**Records shown:**
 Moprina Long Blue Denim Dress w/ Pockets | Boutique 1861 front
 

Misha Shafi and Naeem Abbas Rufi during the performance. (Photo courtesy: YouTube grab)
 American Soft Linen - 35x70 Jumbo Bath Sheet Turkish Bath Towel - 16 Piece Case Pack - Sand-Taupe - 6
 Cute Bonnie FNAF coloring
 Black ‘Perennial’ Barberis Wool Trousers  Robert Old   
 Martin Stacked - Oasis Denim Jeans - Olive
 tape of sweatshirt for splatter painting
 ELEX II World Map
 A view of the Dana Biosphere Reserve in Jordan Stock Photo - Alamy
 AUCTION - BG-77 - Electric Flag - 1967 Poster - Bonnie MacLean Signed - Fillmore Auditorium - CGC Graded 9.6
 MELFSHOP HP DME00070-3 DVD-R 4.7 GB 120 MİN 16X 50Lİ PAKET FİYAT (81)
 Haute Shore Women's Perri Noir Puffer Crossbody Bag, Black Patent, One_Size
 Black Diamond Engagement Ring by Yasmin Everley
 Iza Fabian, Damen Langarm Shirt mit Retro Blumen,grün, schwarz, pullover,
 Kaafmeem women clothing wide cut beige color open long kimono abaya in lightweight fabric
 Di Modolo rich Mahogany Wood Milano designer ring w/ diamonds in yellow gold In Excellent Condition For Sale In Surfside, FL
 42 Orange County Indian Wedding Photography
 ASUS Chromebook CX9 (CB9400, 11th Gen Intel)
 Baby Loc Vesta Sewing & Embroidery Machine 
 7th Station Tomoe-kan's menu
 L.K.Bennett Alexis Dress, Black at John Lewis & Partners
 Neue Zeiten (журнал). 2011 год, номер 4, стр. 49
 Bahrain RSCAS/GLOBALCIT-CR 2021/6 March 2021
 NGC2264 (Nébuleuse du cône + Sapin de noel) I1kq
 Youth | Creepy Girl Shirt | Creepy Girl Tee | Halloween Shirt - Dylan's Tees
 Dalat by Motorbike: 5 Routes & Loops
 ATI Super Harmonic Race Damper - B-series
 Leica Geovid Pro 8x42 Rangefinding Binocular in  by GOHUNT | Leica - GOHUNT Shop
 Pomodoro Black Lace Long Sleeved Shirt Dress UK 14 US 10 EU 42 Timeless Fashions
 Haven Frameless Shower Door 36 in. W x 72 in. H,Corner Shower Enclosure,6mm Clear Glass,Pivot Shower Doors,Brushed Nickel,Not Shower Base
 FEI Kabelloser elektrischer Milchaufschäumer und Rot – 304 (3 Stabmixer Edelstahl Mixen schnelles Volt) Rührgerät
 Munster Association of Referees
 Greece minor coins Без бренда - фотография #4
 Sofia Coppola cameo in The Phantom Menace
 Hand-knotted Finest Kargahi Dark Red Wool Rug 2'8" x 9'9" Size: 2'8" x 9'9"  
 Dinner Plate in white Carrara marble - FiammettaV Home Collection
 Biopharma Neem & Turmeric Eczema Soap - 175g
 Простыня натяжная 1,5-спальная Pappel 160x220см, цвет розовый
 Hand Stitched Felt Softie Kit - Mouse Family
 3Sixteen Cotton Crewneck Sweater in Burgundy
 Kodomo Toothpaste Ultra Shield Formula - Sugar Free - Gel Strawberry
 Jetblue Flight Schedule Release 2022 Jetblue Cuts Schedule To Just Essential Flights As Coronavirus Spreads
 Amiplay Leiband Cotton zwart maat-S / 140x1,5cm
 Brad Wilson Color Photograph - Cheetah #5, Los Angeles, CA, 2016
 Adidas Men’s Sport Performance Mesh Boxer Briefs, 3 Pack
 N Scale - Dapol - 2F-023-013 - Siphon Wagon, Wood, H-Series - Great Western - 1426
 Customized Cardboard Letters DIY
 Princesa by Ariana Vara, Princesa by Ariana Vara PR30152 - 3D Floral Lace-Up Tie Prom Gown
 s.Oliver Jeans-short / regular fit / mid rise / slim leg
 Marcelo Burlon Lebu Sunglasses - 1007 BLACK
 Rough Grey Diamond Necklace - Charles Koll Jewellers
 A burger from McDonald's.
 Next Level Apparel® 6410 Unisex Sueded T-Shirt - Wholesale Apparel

**What this task involves:** Copy exactly the lines of the listing above, beginning at the line with "Rough Grey Diamond" and ending at its final line; write out nothing else.

**Task response:**
 Rough Grey Diamond Necklace - Charles Koll Jewellers
 A burger from McDonald's.
 Next Level Apparel® 6410 Unisex Sueded T-Shirt - Wholesale Apparel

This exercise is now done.